Artificial intelligence, companies try to catch up
In a collection of 241 use cases, Confindustria's Sounding board Artificial Intelligence focuses on the first benefits that industry is capitalising on from the use of AI.
3' min read
3' min read
From manufacturing to life sciences. With the main business functions involved: from human resources to customer service. In a collection of 241 use cases applied in 76 companies, Confindustria with the Artificial Intelligence Sounding board led by special advisor Alberto Tripi focuses on the first benefits that industry is capitalising on from the use of AI.

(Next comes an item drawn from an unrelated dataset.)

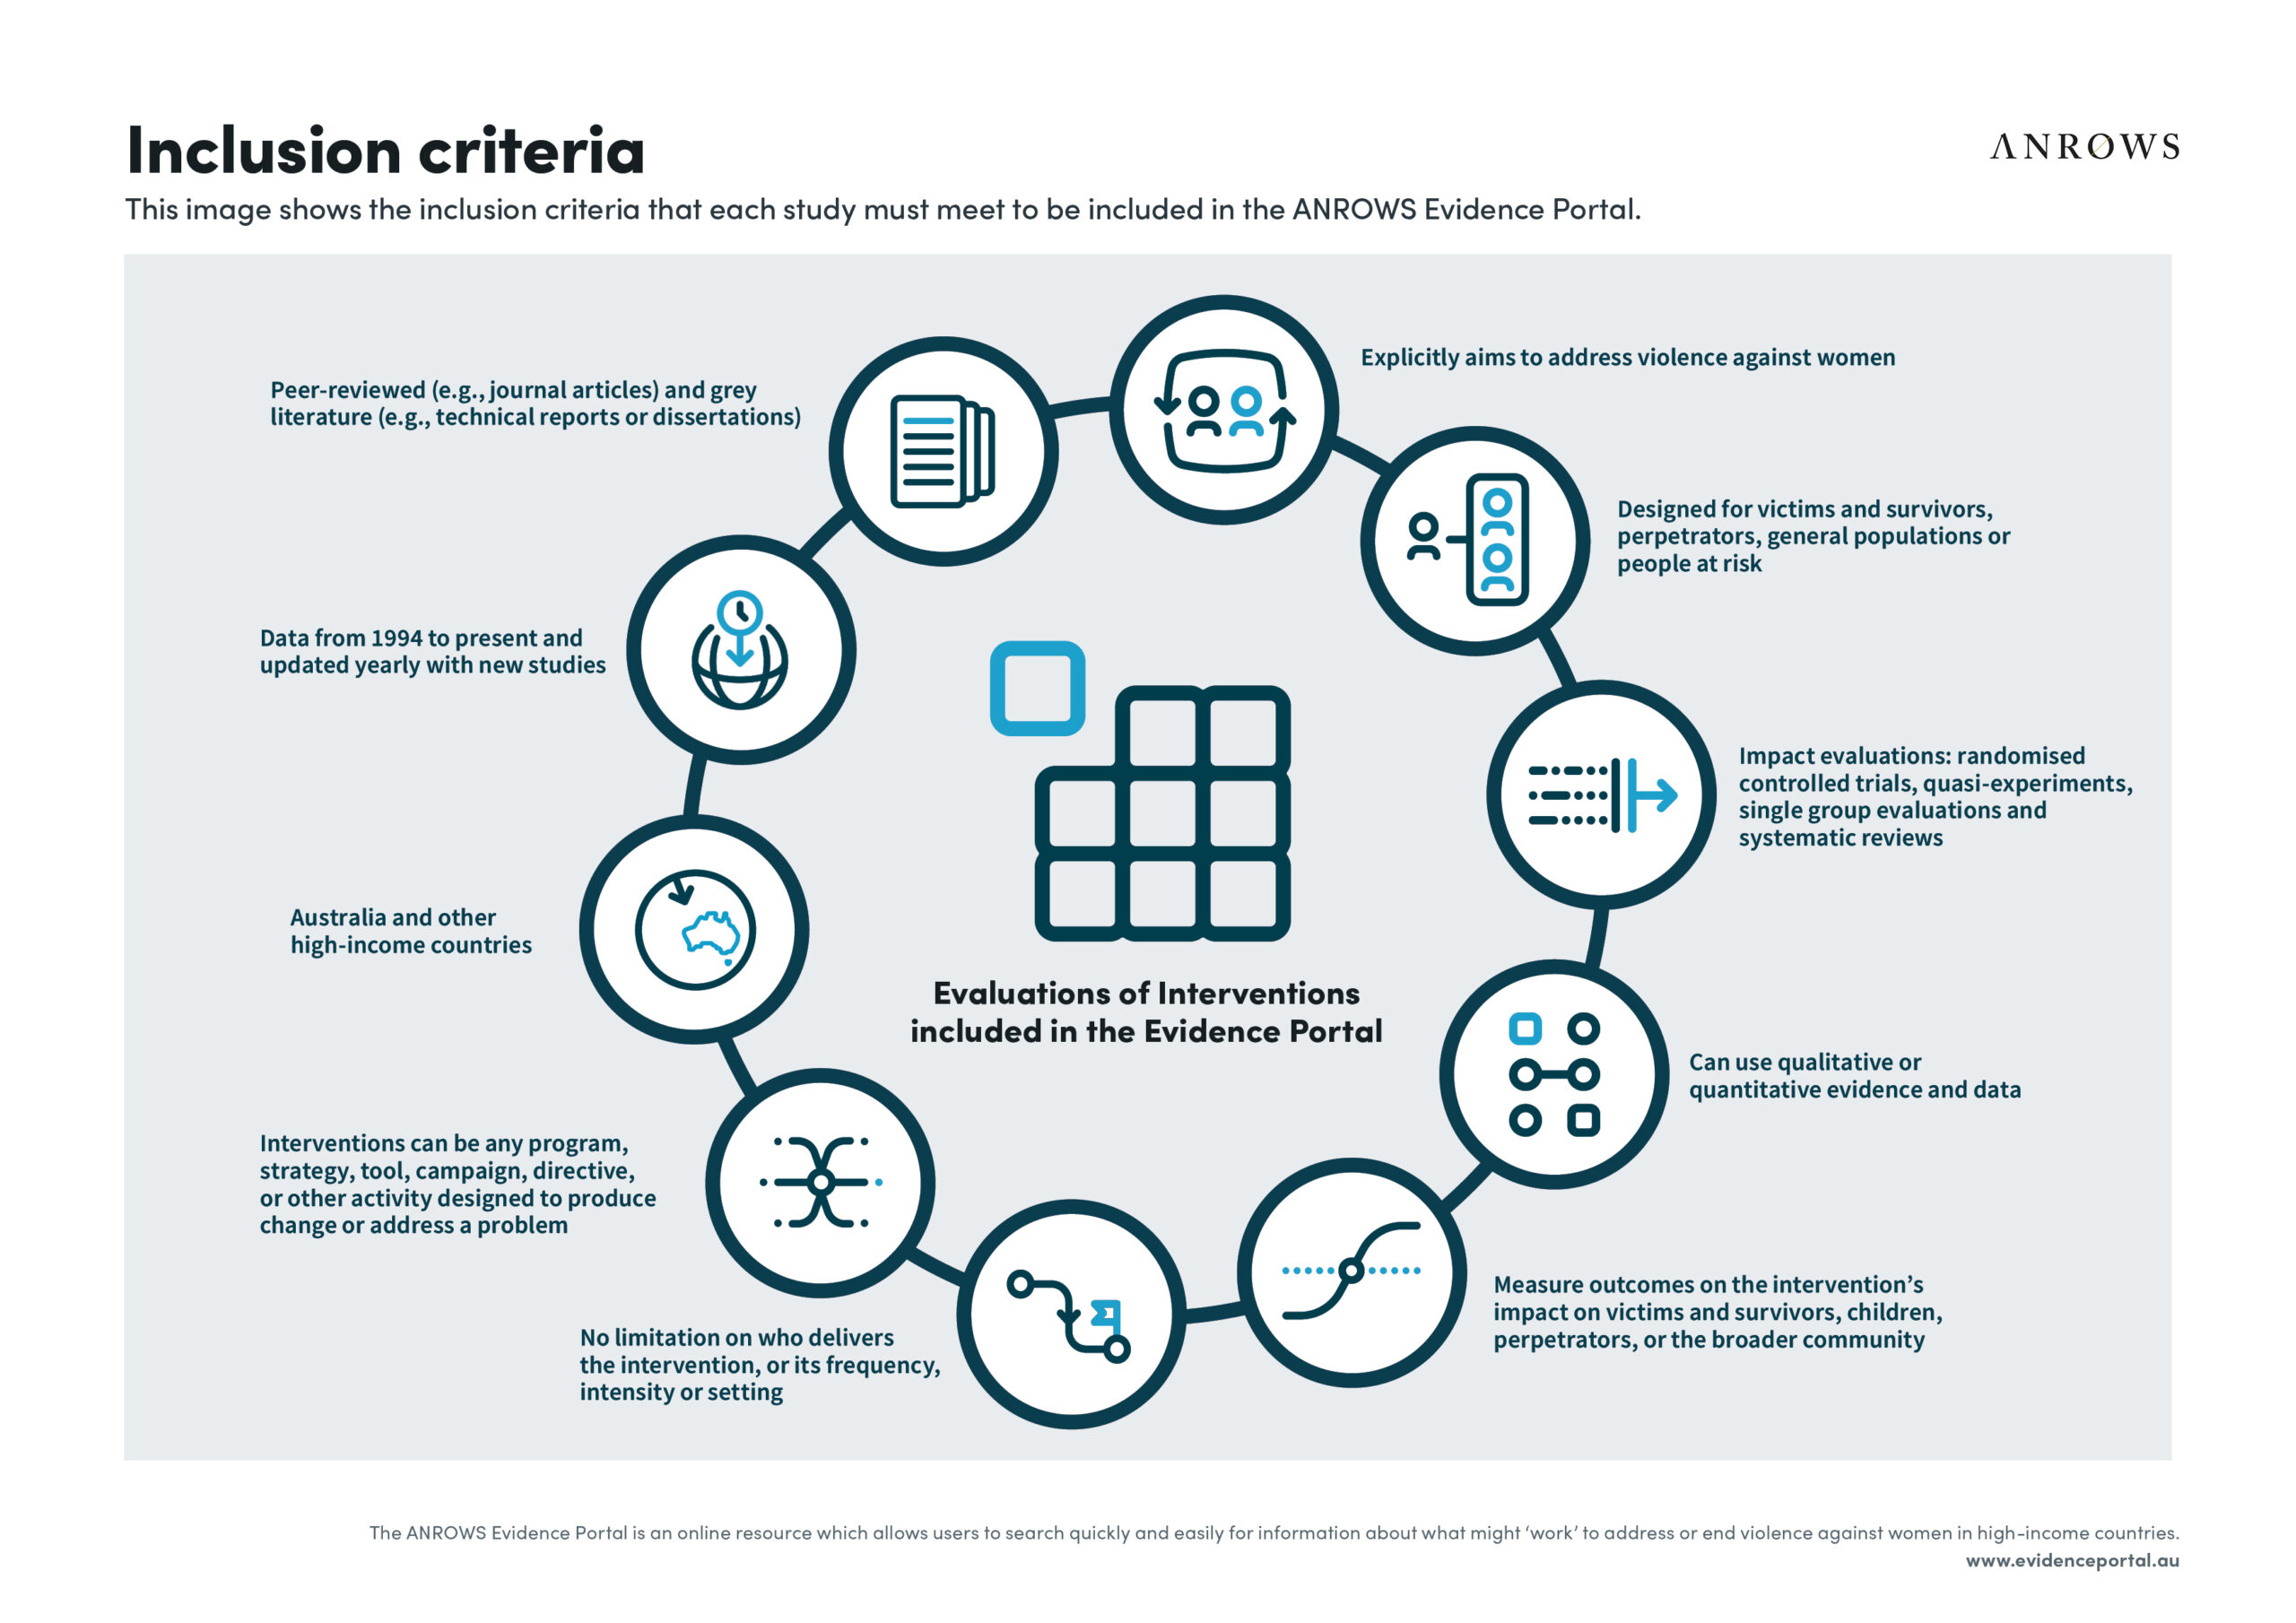 Infographics shows a visual summary of the inclusion criteria.

In Italy, the adoption of artificial intelligence is going through a phase of appreciable but still limited progress characterised by a certain lack of homogeneity across sectors, territories and size classes. According to Istat, in 2021 only 6.2% of Italian companies with at least 10 employees used AI. The share dropped to 5% in 2023, but rose again to 8.2% in 2024. There is a recovery then. However, we are still far from the EU average (13.5%) and the lag is most marked in SMEs, where only 1.4% use AI in at least three business functions. Adoption is still fragmented: strong in the telecommunications (27.6%) and electronic equipment (15.7%) sectors, but much weaker in textiles and fashion (4.6%).The main barriers remain high costs and digital skills shortages.

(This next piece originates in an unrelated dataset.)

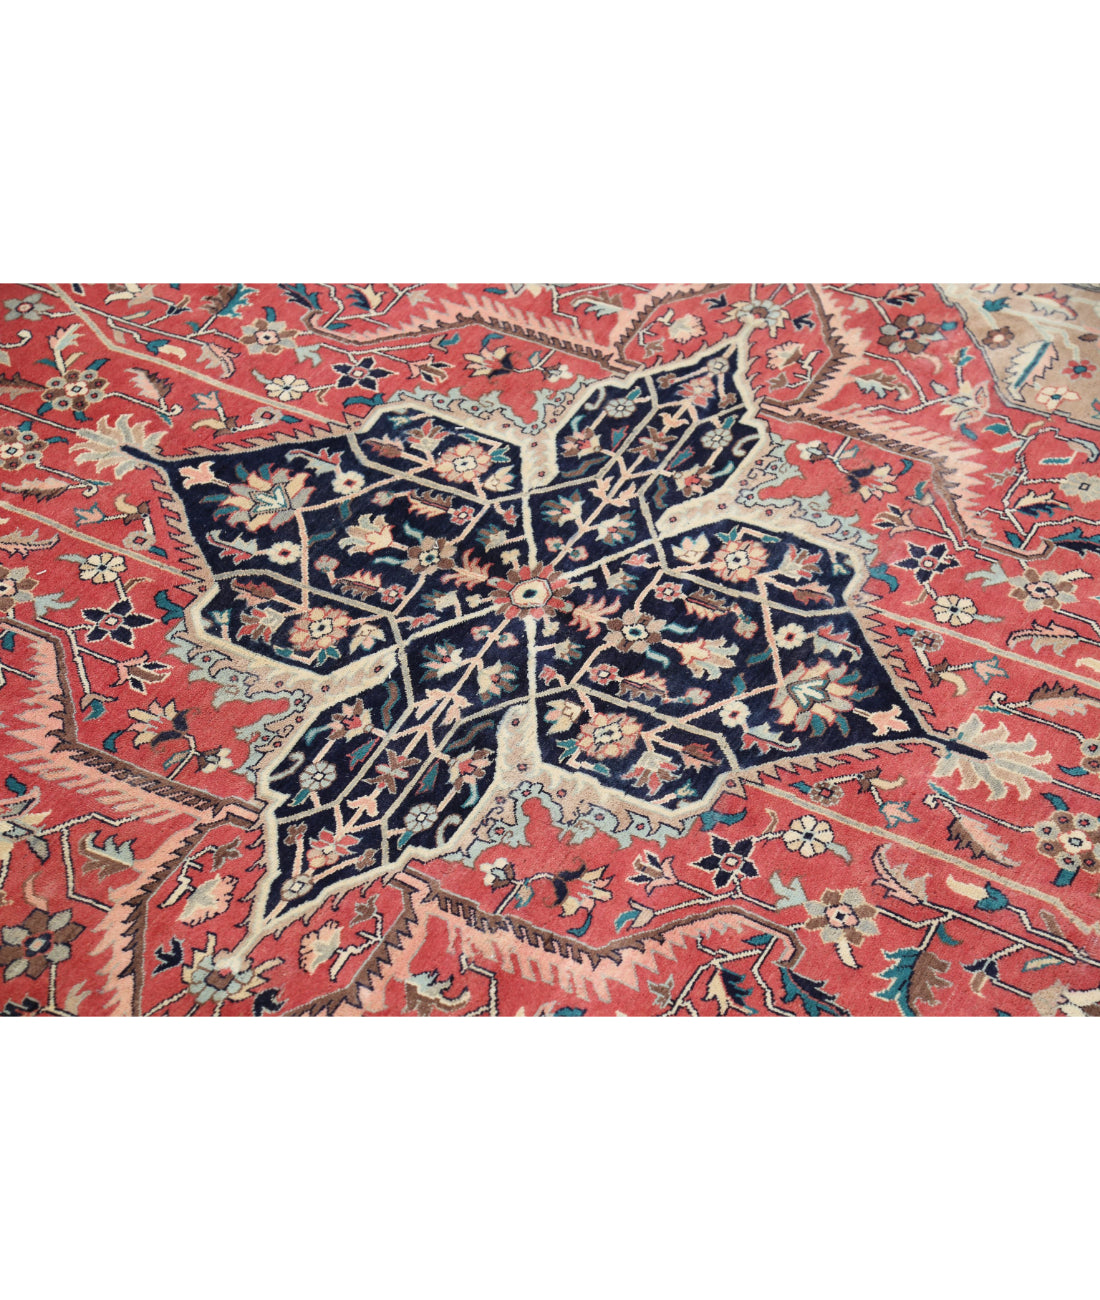 Hand Knotted Heritage Persian Style Heriz Wool Rug - 6'0'' x 8'11'' 6'0'' x 8'11'' (180 X 268) / Pink / Blue

Having said this, the compendium of concrete applications and impacts measured by Confindustria offers in conclusion five general indications, valid for all sectors companies must equip themselves with representative and accurate datasets in order to effectively train the algorithms and obtain reliable results; all personnel must be adequately involved and informed from the earliest stages of the project; digitisation platforms and IoT (internet of things) systems functional to AI applications must be adopted promptly; a gradual and pragmatic approach is preferable, starting with limited pilot projects; in any case, human oversight of the solutions introduced must be ensured. While these five principles are transversal, each sector presents explicit peculiarities in the use cases examined (21.6 per cent refer to health and life sciences; 20.7 per cent to manufacturing; 17.4 per cent to sustainable mobility; 6.6 per cent to the public sector; 5.4 per cent to tourism; 28.2 per cent to other sectors or are multi-sectoral in nature). In total, the cases using generative AI were only 18% of the total, demonstrating that in the corporate field even the lesser-known applications of ChatGPT and its epigones have a concrete relevance.
In the field of health, the applications introduced include the automation of clinical documentation, diagnostic imaging, clinical decision support systems, telemedicine and remote patient monitoring, preventive and personalised medicine, and the analysis of biological networks to identify the most appropriate therapies for each patient. The manufacturing sector makes extensive use of digital twins for predictive plant maintenance and warehouse management through computer vision systems, which is also used to expand the capabilities of robots used in factories. At the same time, AI can predict the production costs of new products through the analysis of historical databases. In the field of sustainable mobility, the virtual replication of the physical infrastructure (the digital twins mentioned above) enables real-time monitoring of performance by optimising energy consumption, but other applications concern the optimisation of the 'mileage curve' of vehicles and the prevention of the risk of component failure in buses and on-board systems. For public administration, the use of AI has so far meant 'smart city' efficiency, waste management, road and lighting maintenance, and control of large natural spaces. In tourism, these range from dynamic price optimisation to the management of flows during peak periods, from the optimisation of public services linked to the stay to generative AI for reviews and itineraries. In customer service, the most consolidated uses concern advanced chatbots for assistance, analysis of user opinions, automatic ticketing.
Analysing business functions instead, AI is proving most effective in the areas of research & development, administration, marketing and sales. Weaker, on the other hand, is the adoption in production processes, logistics and ICT security.